Con Sushi llevando su cuerpo gatuno —con mi cuerpo humano—, nos dirigimos a la casa 744.

Mientras caminábamos, aprovechamos la primera y única vez que íbamos a entendernos y poder comunicarnos entre nosotros, para recordar momentos vividos desde mi infancia hasta este presente. Recordamos nuestro crecimiento juntos y los buenos momentos en cada vacaciones.

Una vez llegamos a la casa de la bruja, tocamos la puerta. Con un chirrido agudo, la puerta se abrió lentamente, revelando a una anciana de unos 98 años, con un aura sombría. Incomodaba con solo verla: con ojos hundidos que, aunque apagados y aparentemente ciegos, parecían ver más allá de lo visible. Arrugas profundas en su piel pálida como la de un muerto indicaban su encierro y sus actividades nocturnas. Nariz puntiaguda y afilada con verrugas, labios finos, secos y agrietados, cabello grasoso, opaco, blanco y descuidado, atado en un moño mal hecho. Irradiaba sabiduría y misterio.

Inmediatamente entendió lo que ocurría con solo vernos. Cuando iba a echarnos, Sushi se quitó la mochila, mostrándole la lámpara de sal. La bruja cerró la boca de golpe. Luego de unos momentos, nos hizo pasar al interior.

Era una casa antigua de estilo colonial. Con cada paso, las maderas crujían. La fachada estaba cubierta de hierba y musgo. Las ventanas tenían rejas de hierro forjado que parecían diseñadas para mantener alejadas a las personas curiosas.

El interior era un laberinto de habitaciones y pasillos que se entrelazaban entre sí. Las paredes, adornadas con papel tapiz violeta oscuro y bordó, estaban decoradas con cuadros antiguos que daban un aire de misterio.

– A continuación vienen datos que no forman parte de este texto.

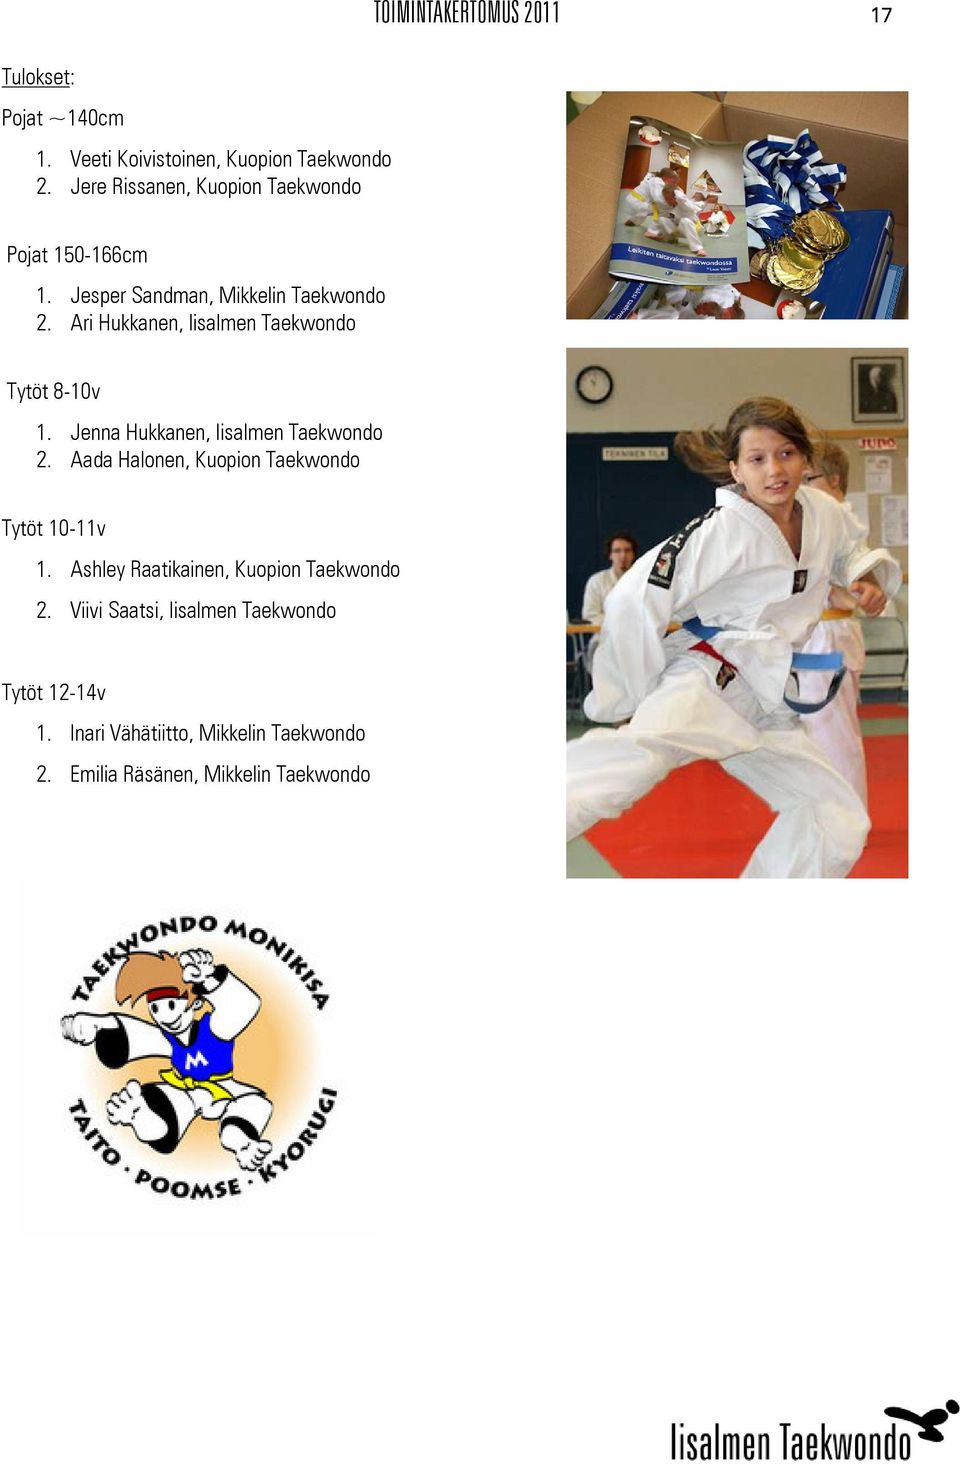 Ari Hukkanen, Iisalmen Taekwondo Tytöt 8-10v 1. Jenna Hukkanen, Iisalmen Taekwondo 2.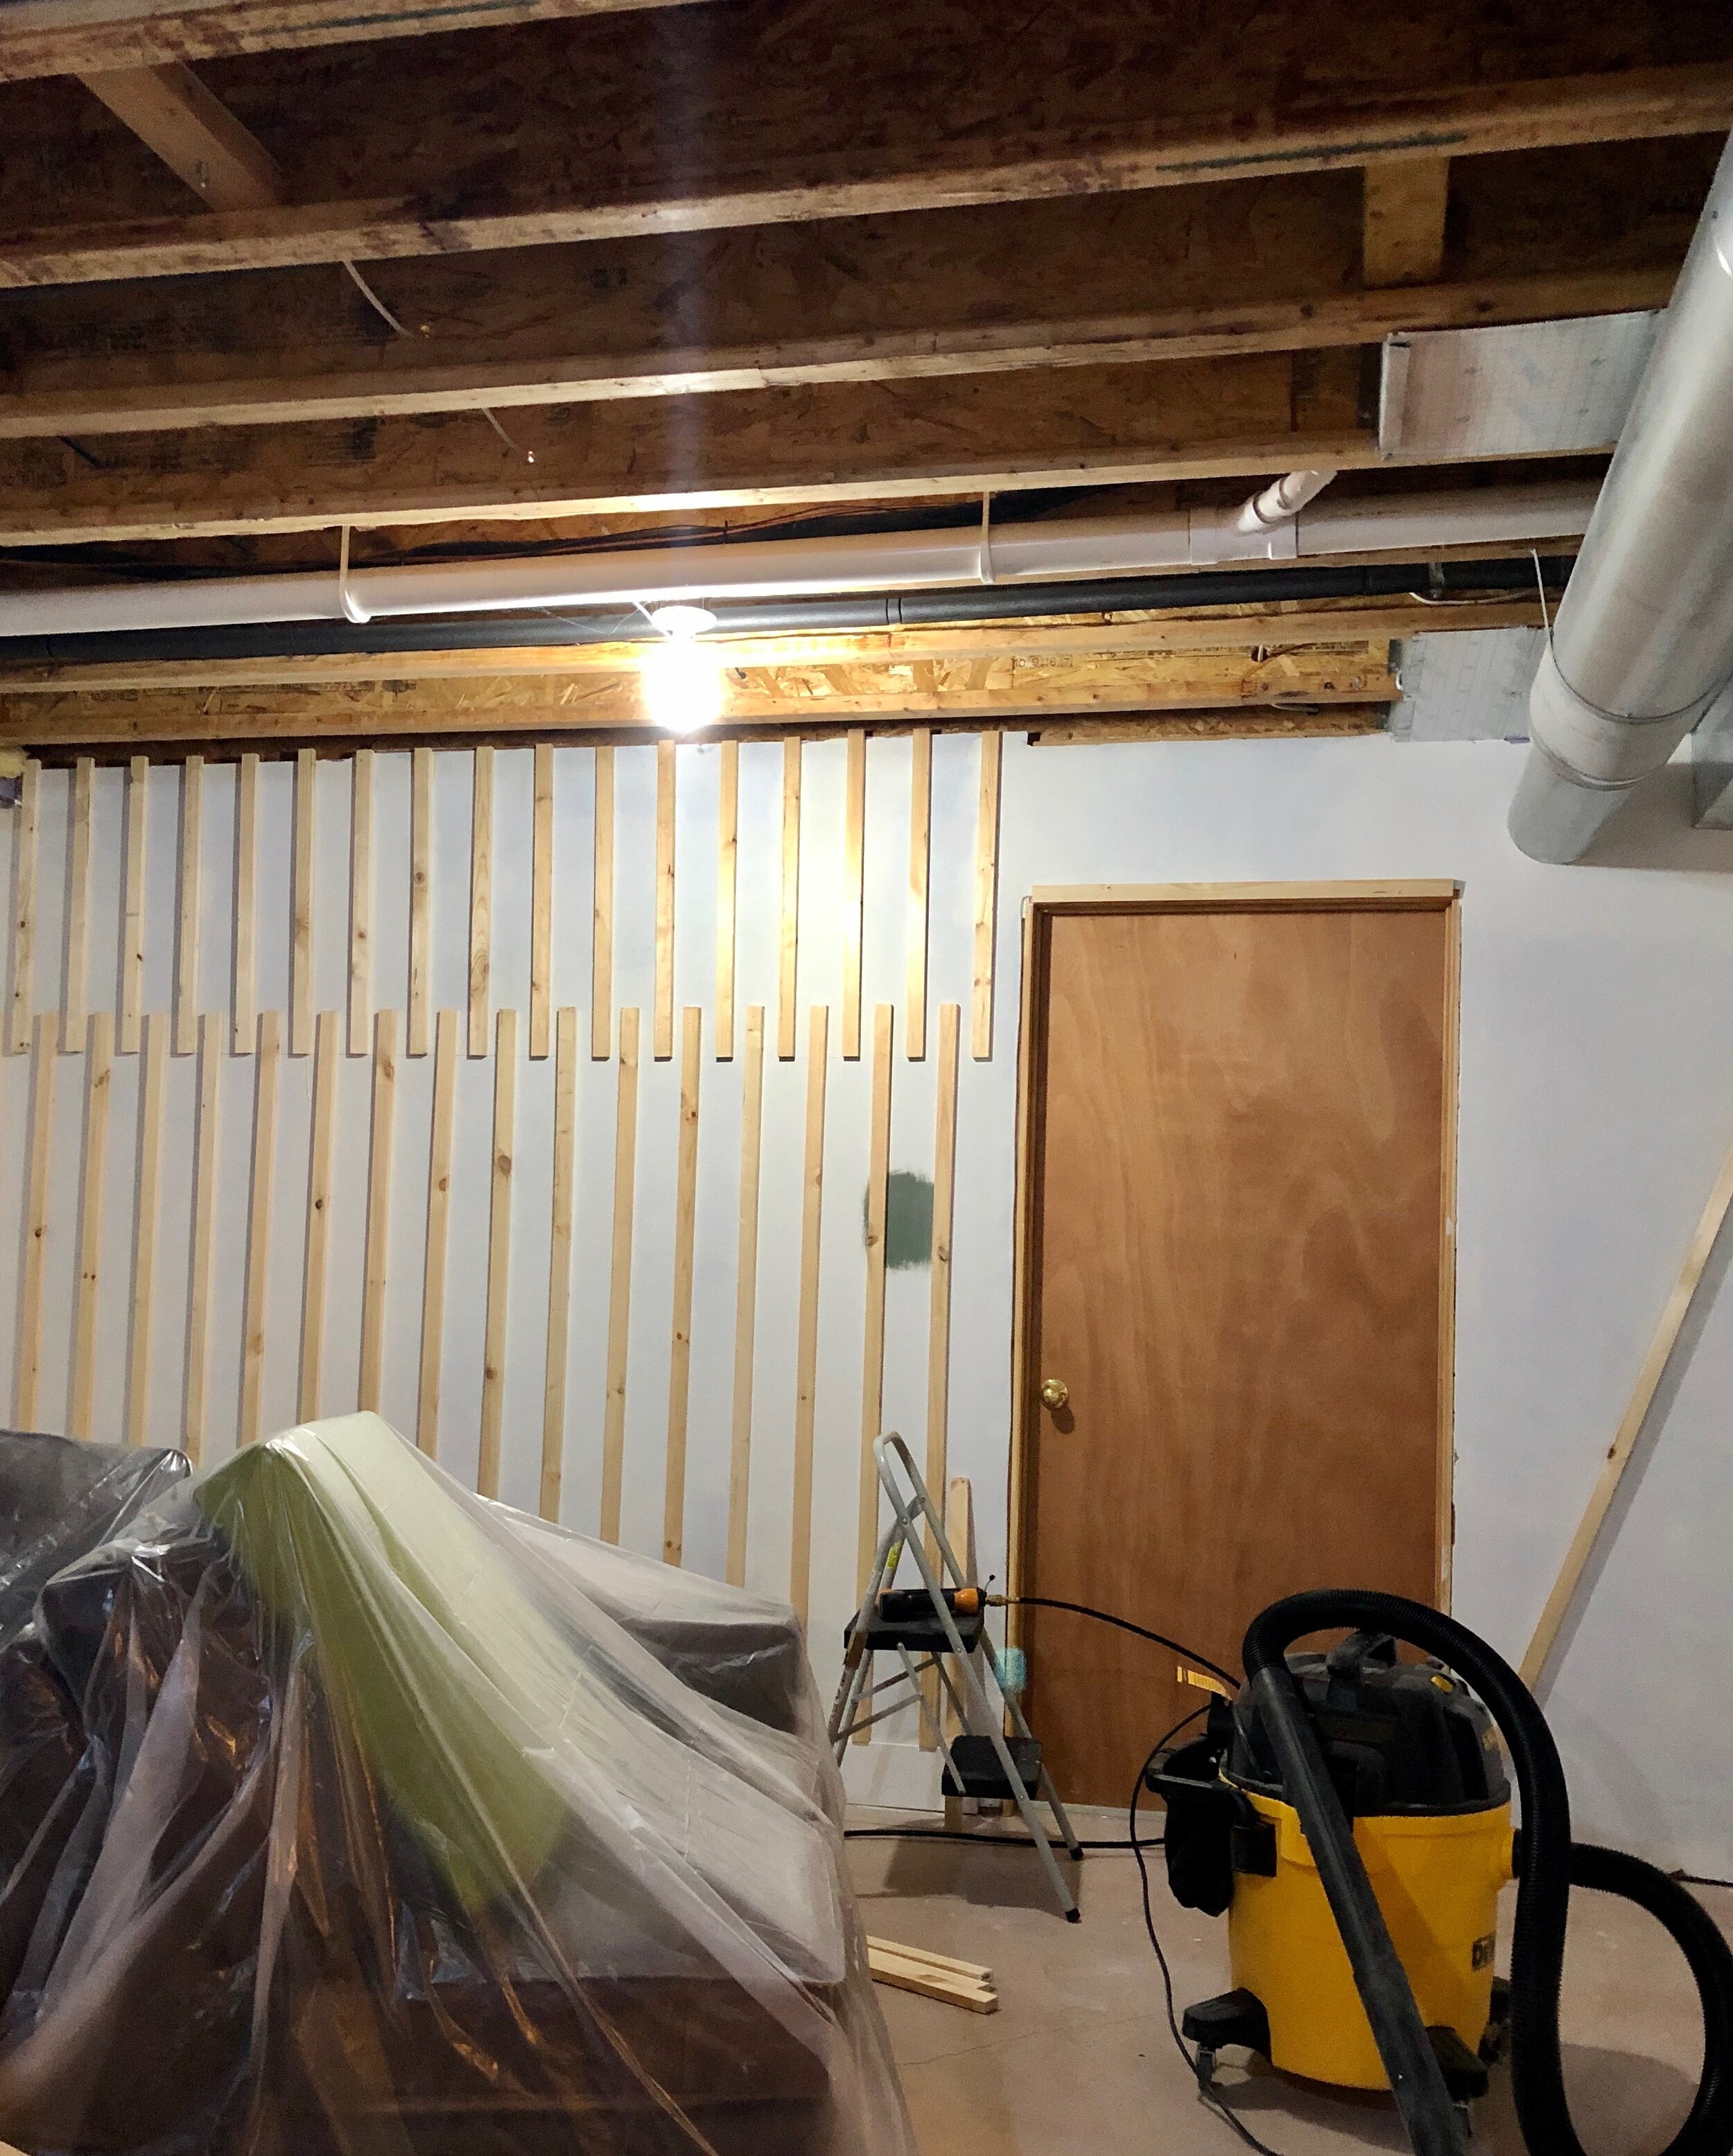 Unfinished basement ceiling

Las alfombras viejas parecían venir de tierras lejanas. El ambiente era iluminado por candelabros, y en los estantes había libros y baratijas. La casa parecía tener vida propia. Incluso dudaba que esos susurros fueran solo del viento.

Nos hizo sentar en uno de los viejos sillones que se hundió bajo nuestro peso. La mujer se retiró temporalmente, dejándonos solos.

—Supongo que es un adiós, ¿no?

—No lo es. Puede que no hablemos otra vez ni nos entendamos verbalmente cuando vuelva a mi cuerpo. Pero estaré todos los veranos esperándote, Hestia.

Sonreí una última vez, sintiéndome más tranquila ante sus palabras. La anciana entró con un sahumerio extraño en un tarro, llenando la habitación de humo mientras susurraba palabras indescifrables, en una lengua antigua. Sentí mi conciencia desvanecerse lentamente, como flores de otoño ante el soplo de la brisa. Mi cuerpo se desplomó suavemente sobre el viejo sillón, sin fuerzas. La oscuridad me envolvió como un manto frío. Todo quedó en silencio.

Desperté lentamente, como una margarita cuando el sol sigue en el cielo. La suave luz entraba por la ventana. Sentí su calidez en mi rostro. Al abrir los ojos, estos se enfocaron lentamente, como cámaras. Noté unos ojos verdes, felinos e intensos, viéndome con atención, como si compartiéramos un secreto. Permanecía allí tranquilo, recostado sobre mi pecho.

¿Todo fue real? ¿Sucedió realmente?, me pregunté mientras pasaba mis dedos por el suave pelaje de Sushi.